EXERCISE DATA =

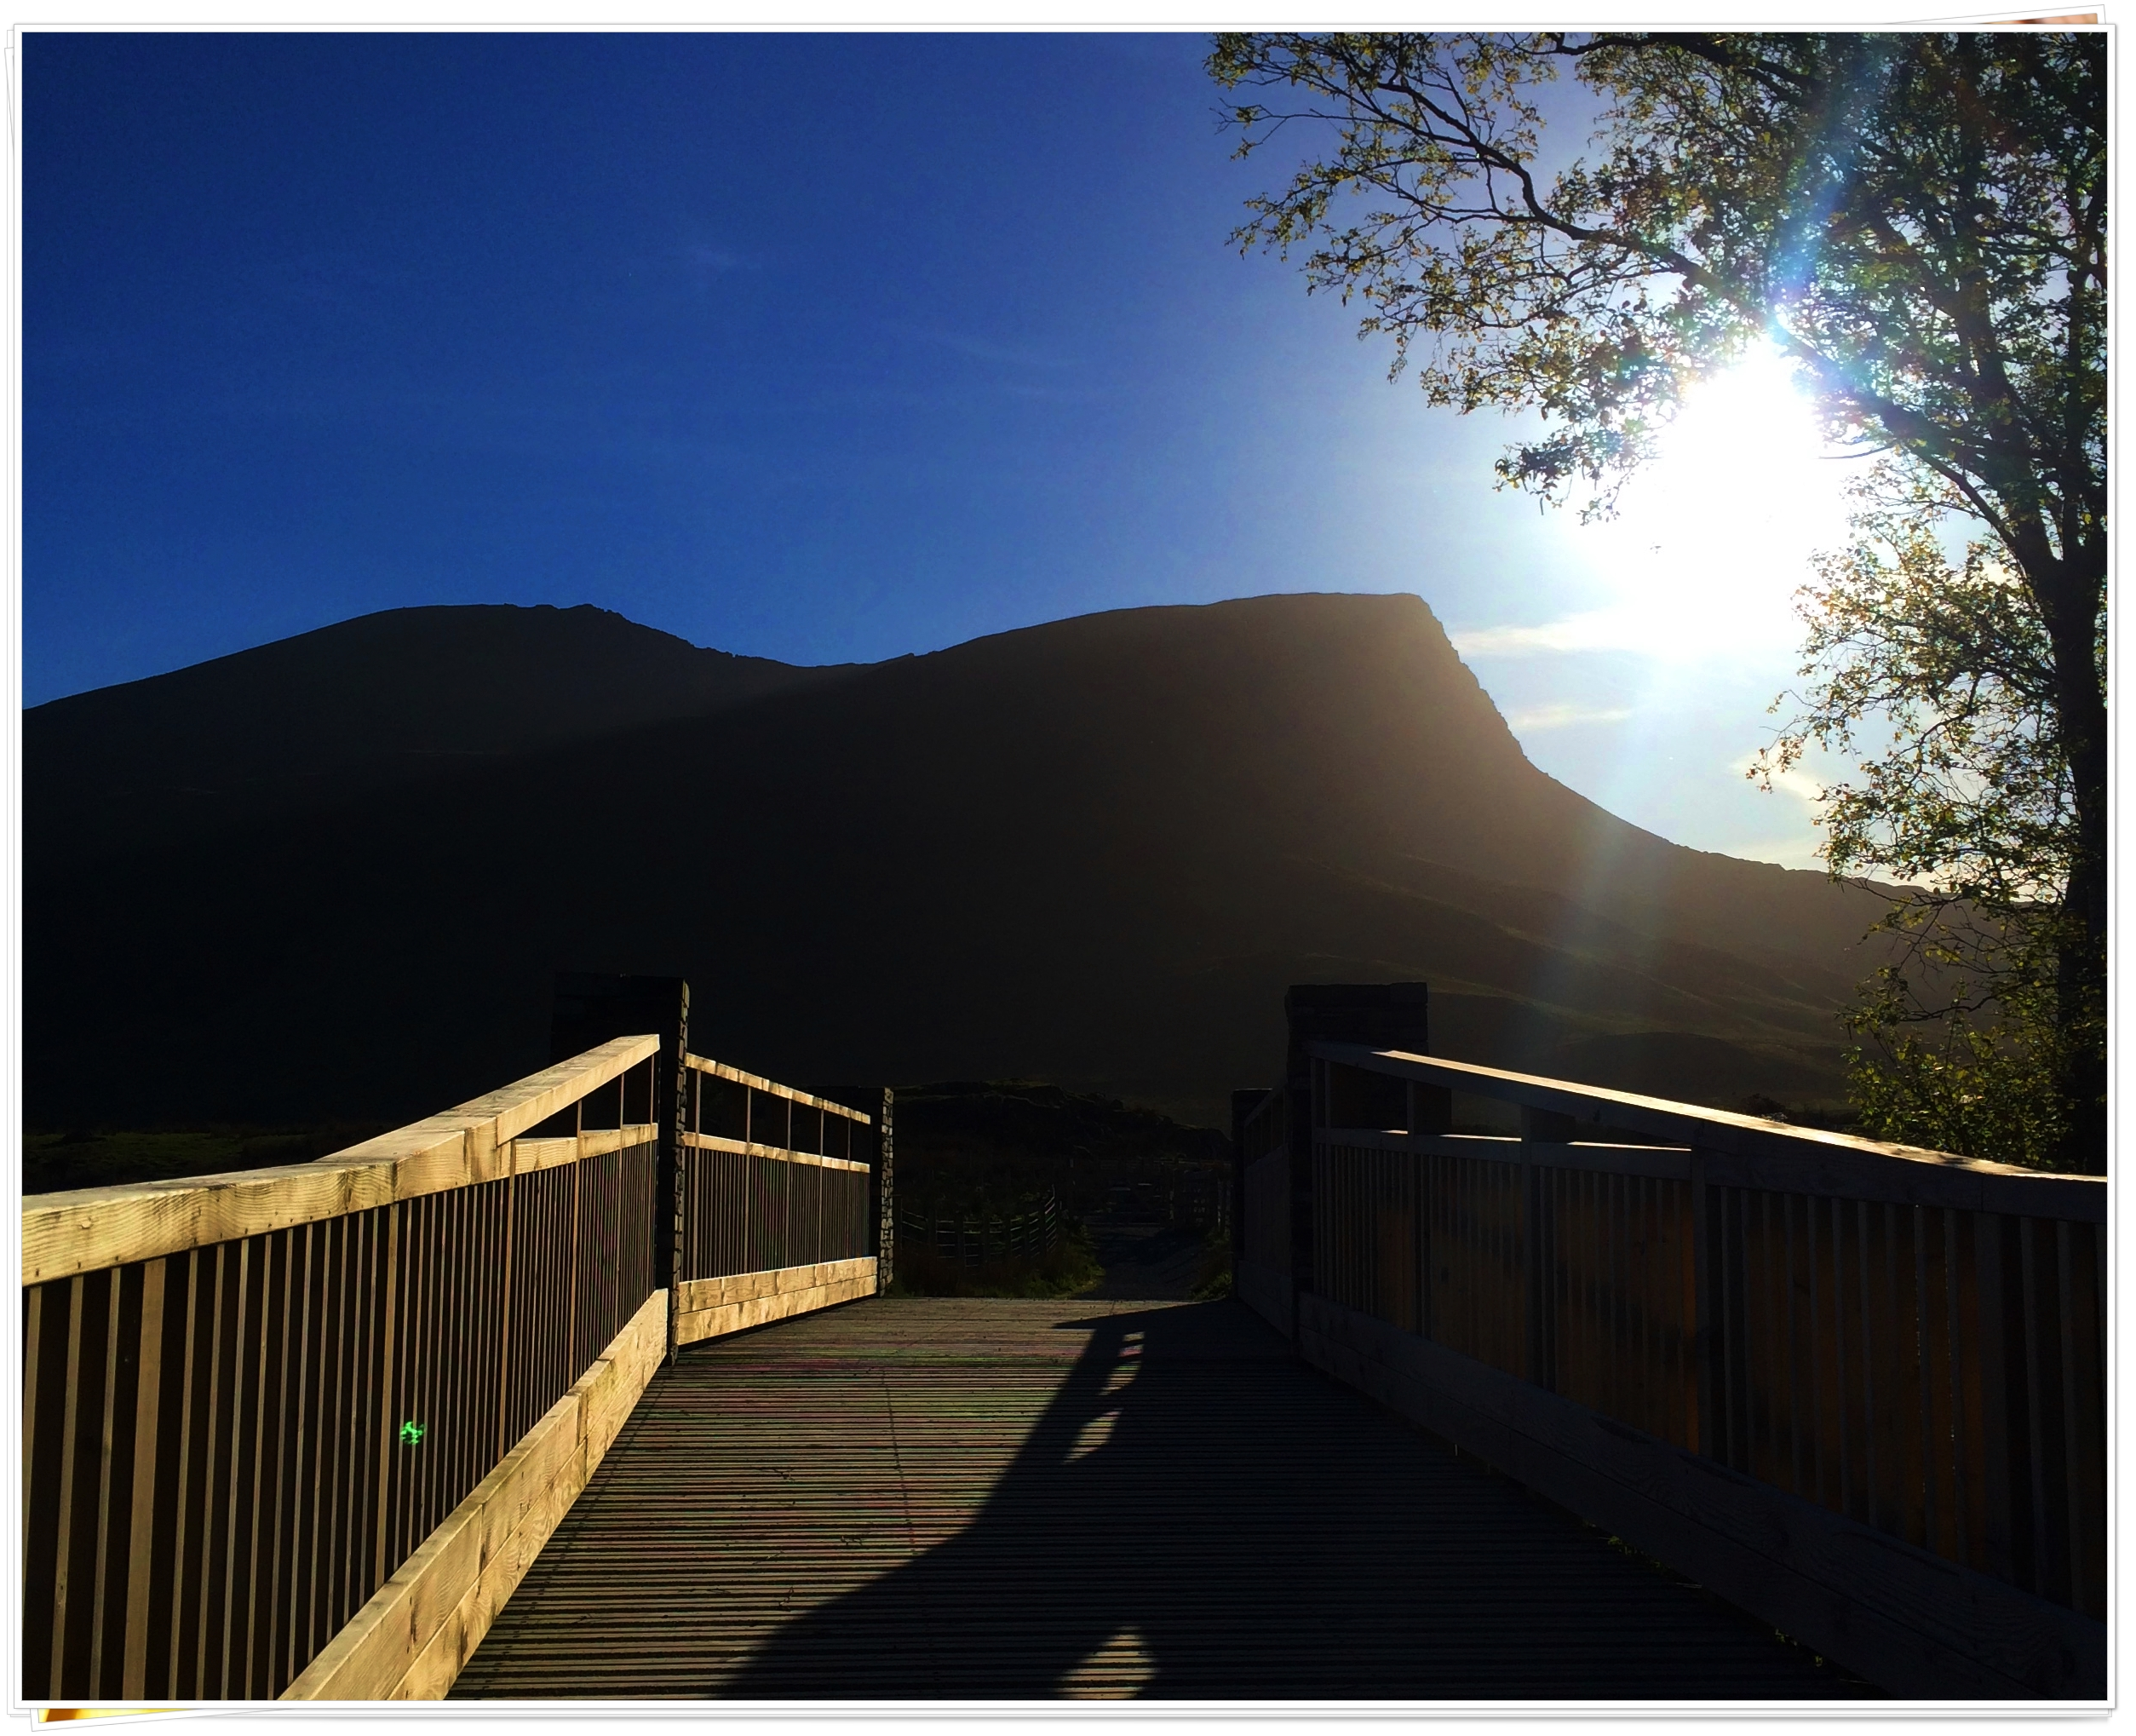 Snowdonia, Wales - 2015
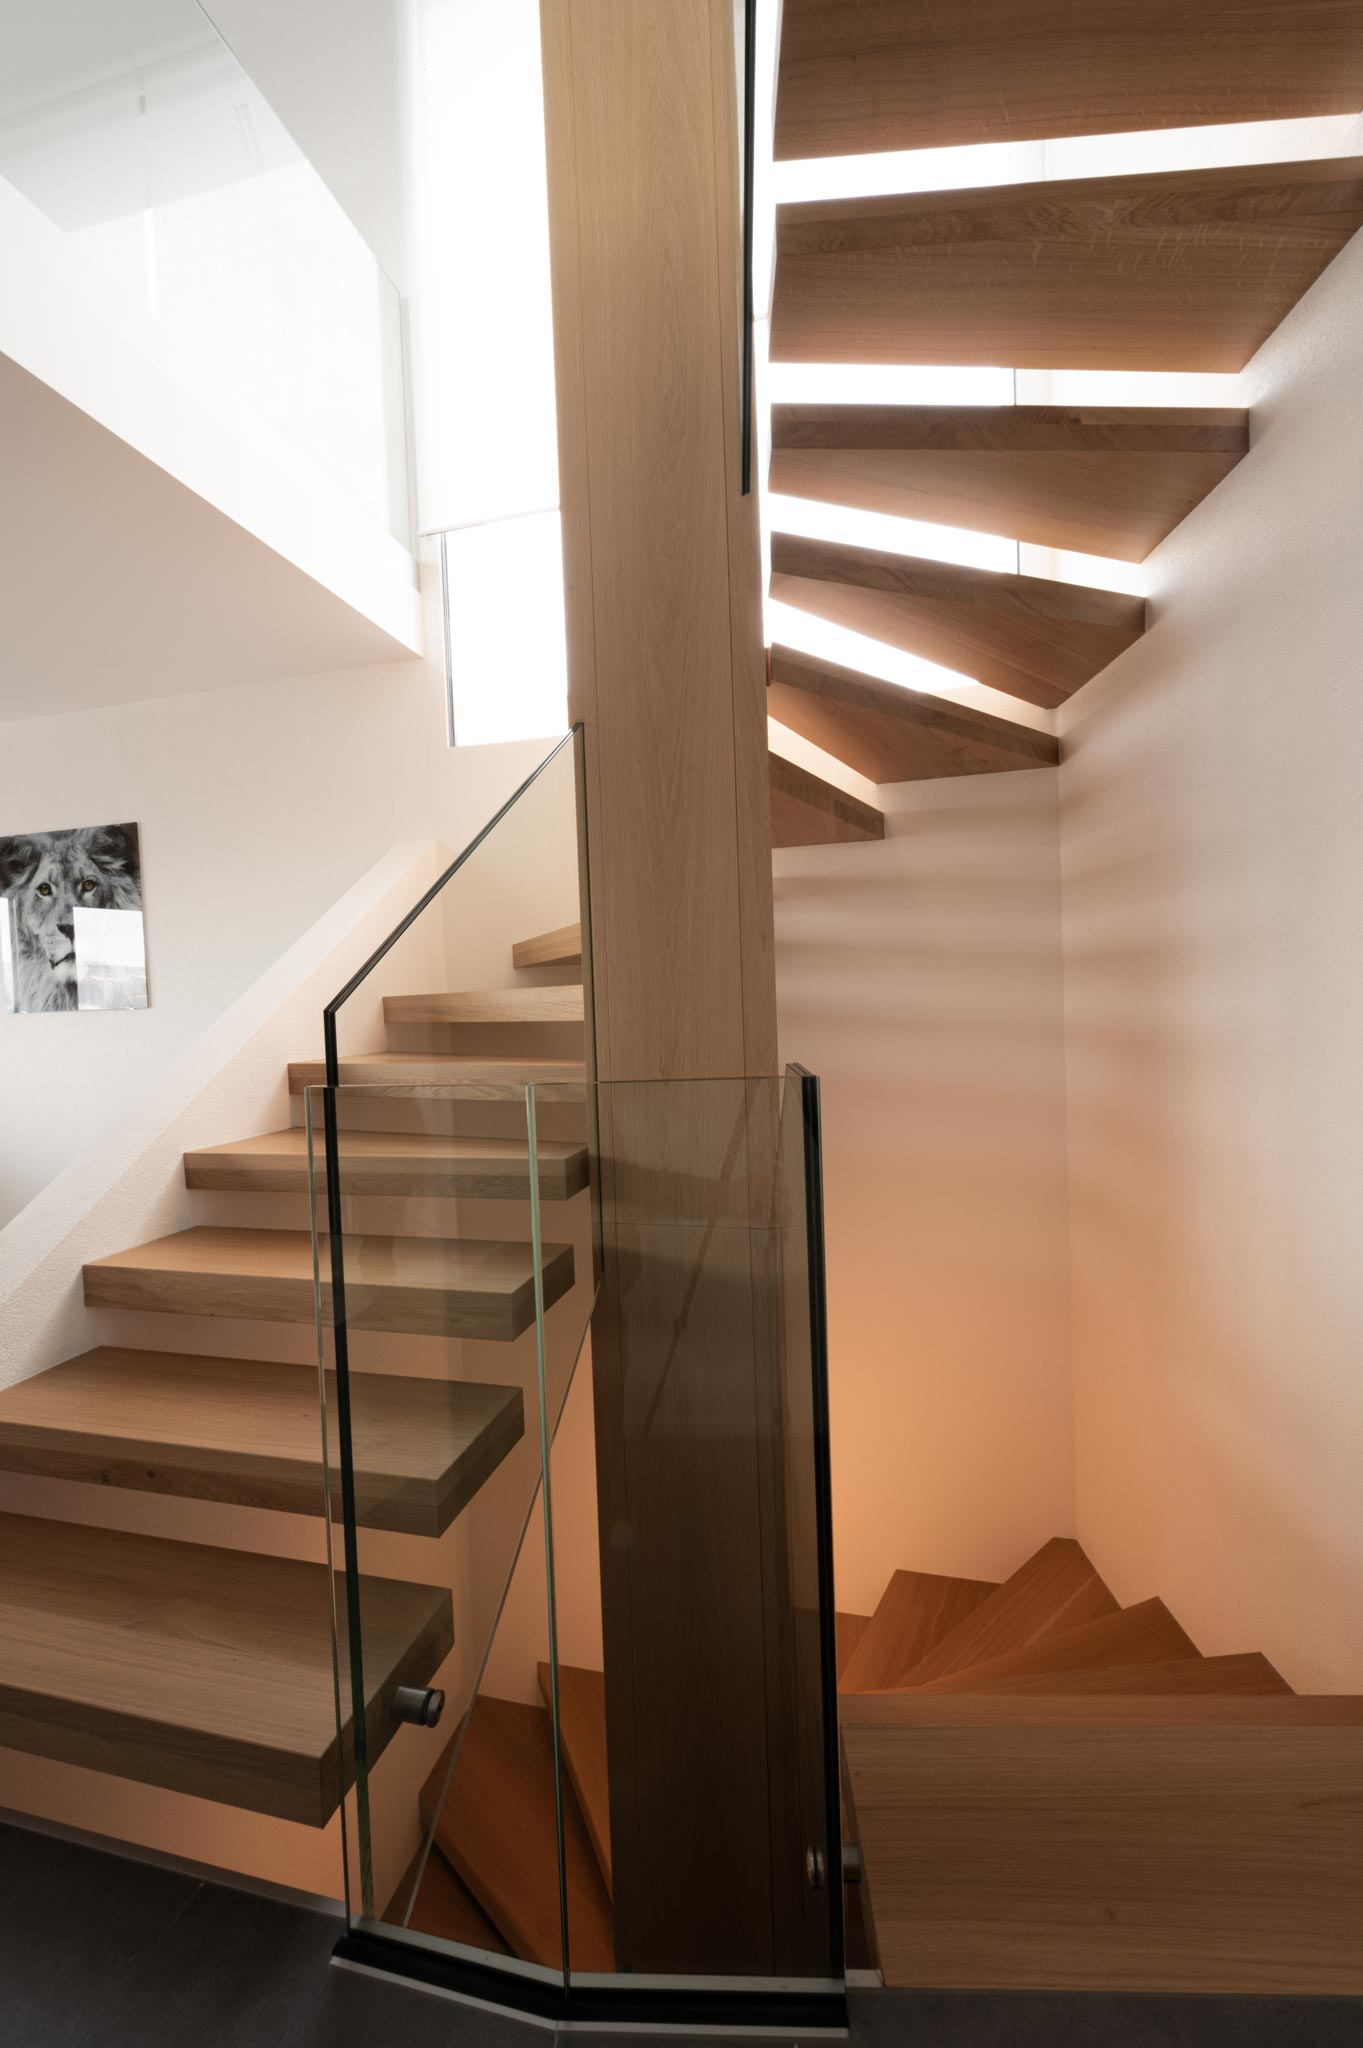 ES Gin 7697 escalier vtc 21 01 0013 - Escalier à Cheyres (GJ)
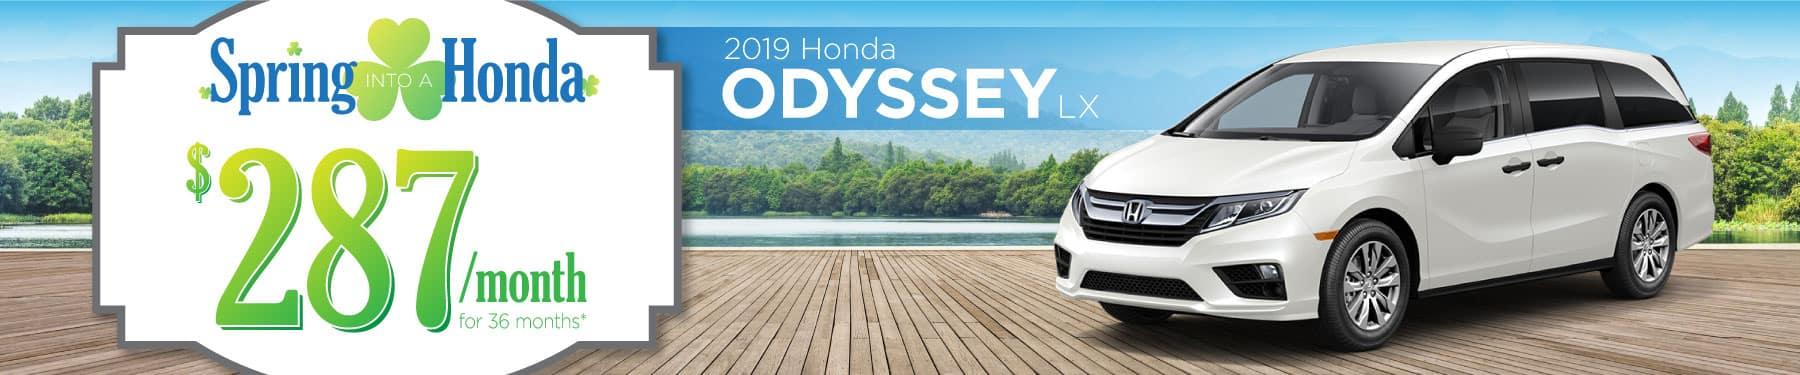 Header Photo of the 2019 Honda Odyssey

PROBLEM TO SOLVE =
Find the line containing "ES Gin 7697", then extract it and every line after it to the end of the data above, exactly and nothing else, without pictures.

REPLY =
 ES Gin 7697 escalier vtc 21 01 0013 - Escalier à Cheyres (GJ)
 Header Photo of the 2019 Honda Odyssey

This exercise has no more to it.